(Task to complete): Only one stretch of the material below is wanted: everything from the line containing "Två iPhone-enheter i" down to the line containing "Zimná pracovná bunda", both ends included. Repeat it exactly and skip the pictures.

(Given data):
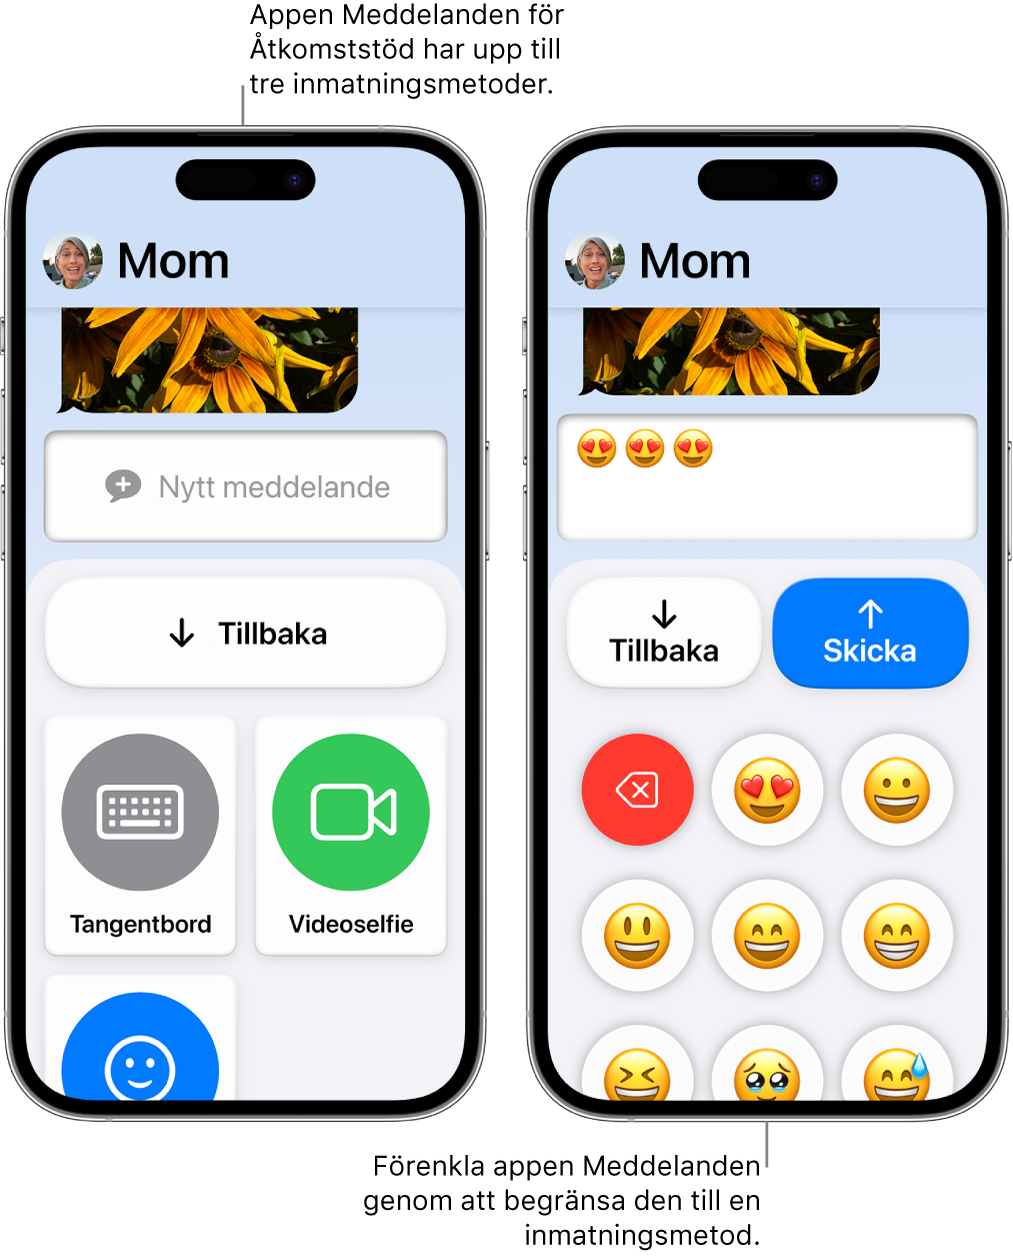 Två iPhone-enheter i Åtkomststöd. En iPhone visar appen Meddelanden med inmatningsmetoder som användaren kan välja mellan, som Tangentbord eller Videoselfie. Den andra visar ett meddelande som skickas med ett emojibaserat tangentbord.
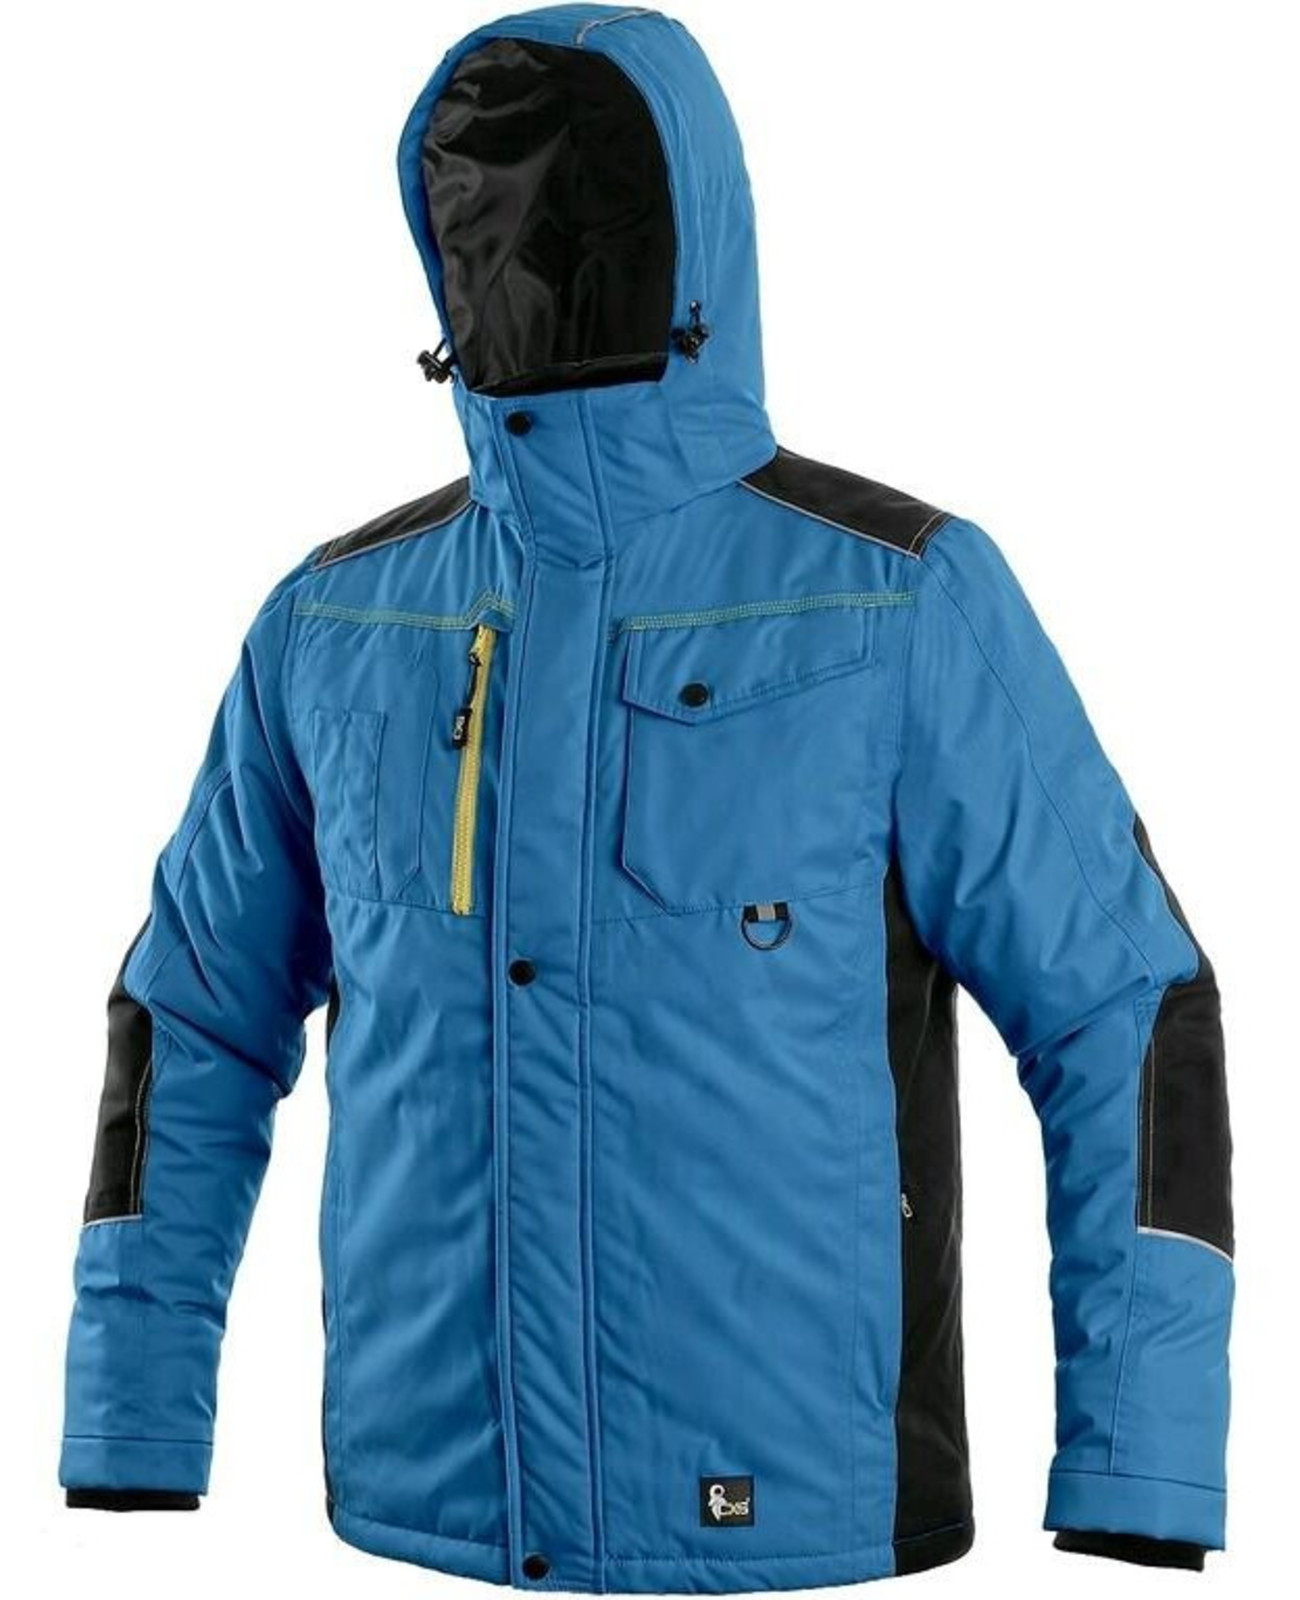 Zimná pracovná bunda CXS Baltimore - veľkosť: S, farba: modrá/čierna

---

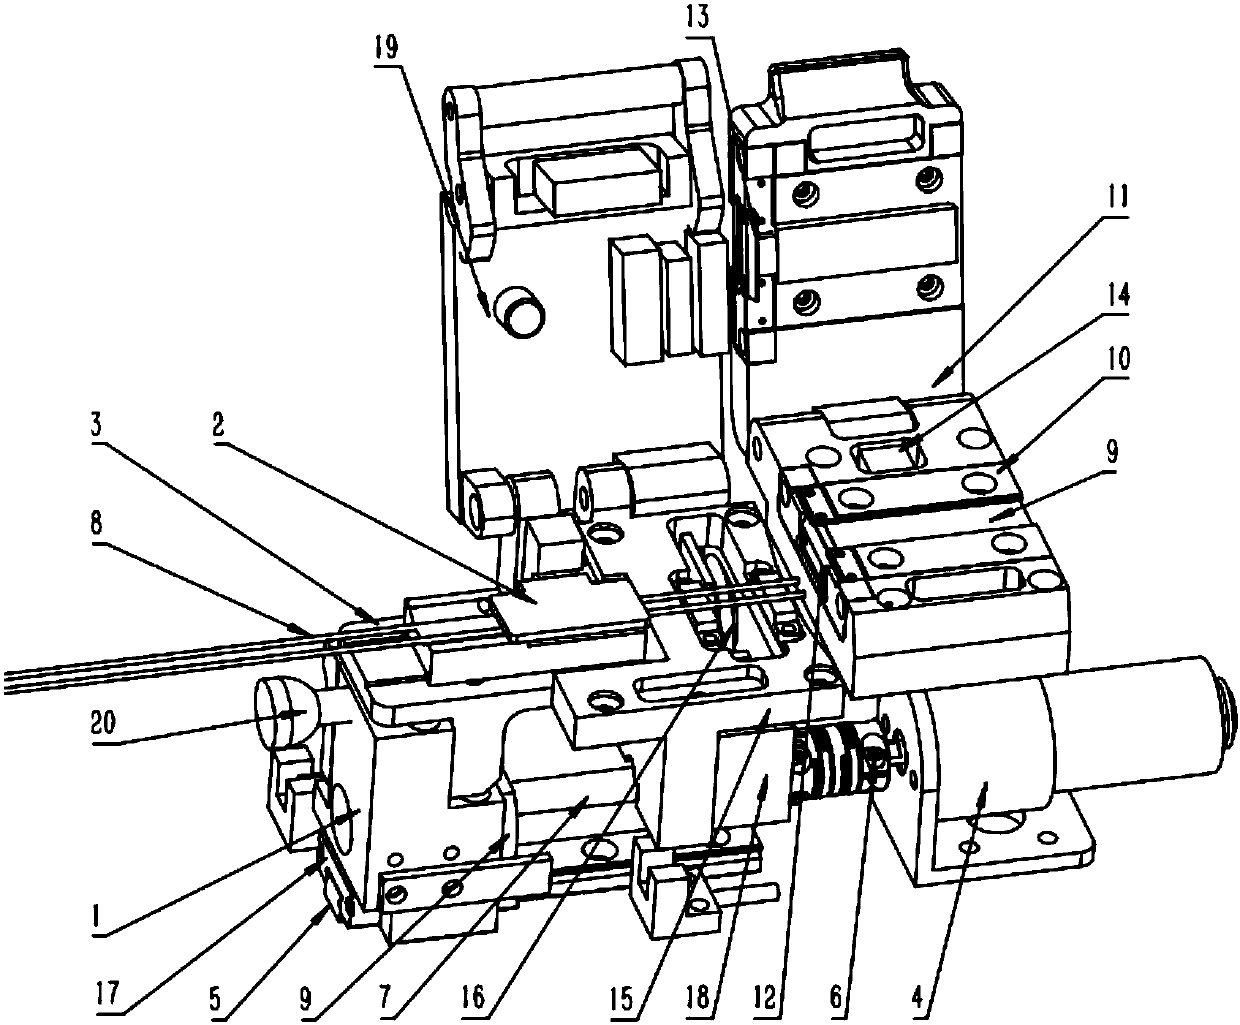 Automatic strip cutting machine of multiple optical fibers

---

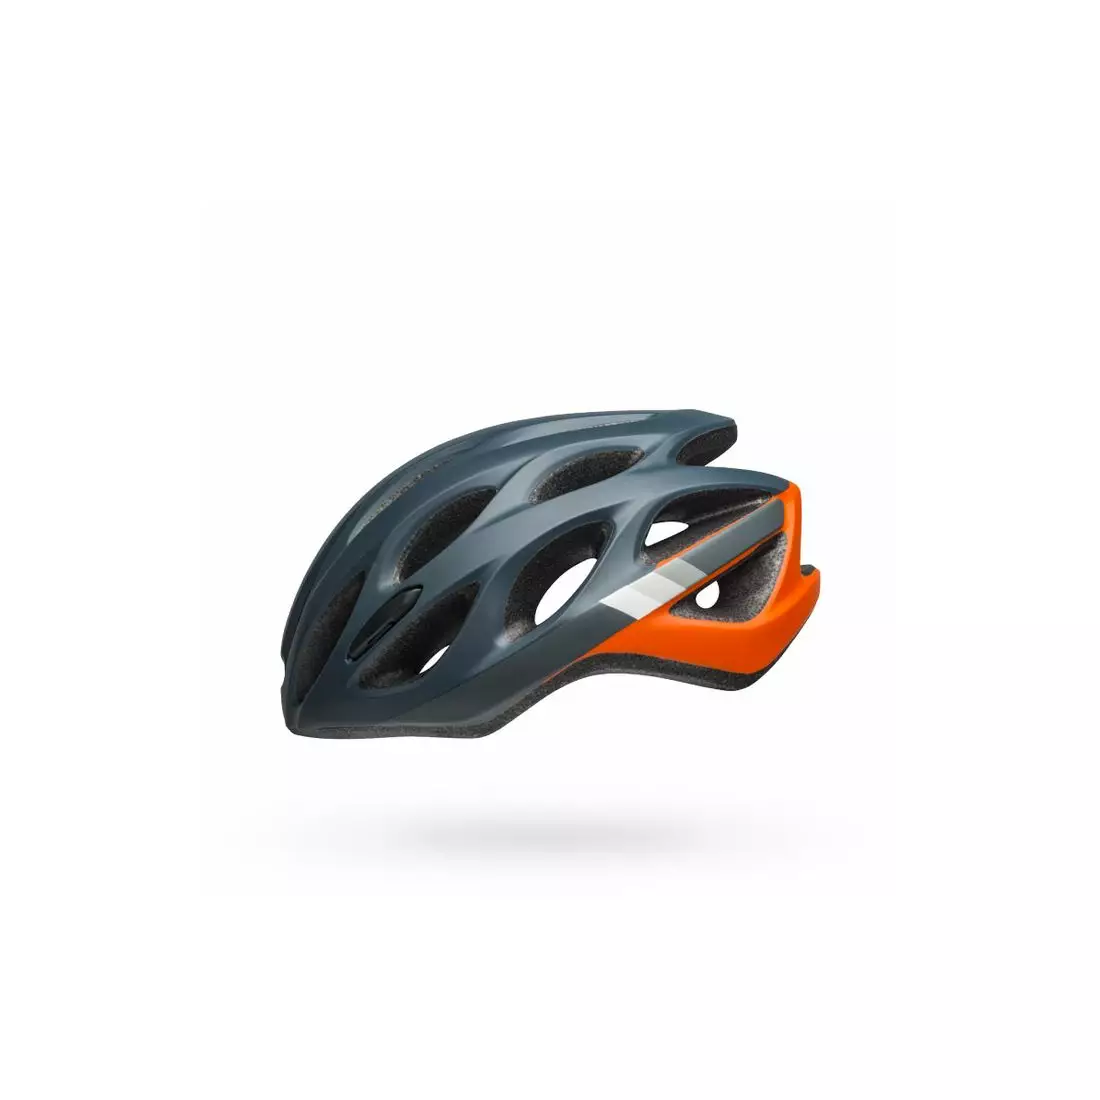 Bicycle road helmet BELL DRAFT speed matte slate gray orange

(Answer to this problem):
 Två iPhone-enheter i Åtkomststöd. En iPhone visar appen Meddelanden med inmatningsmetoder som användaren kan välja mellan, som Tangentbord eller Videoselfie. Den andra visar ett meddelande som skickas med ett emojibaserat tangentbord.
 Zimná pracovná bunda CXS Baltimore - veľkosť: S, farba: modrá/čierna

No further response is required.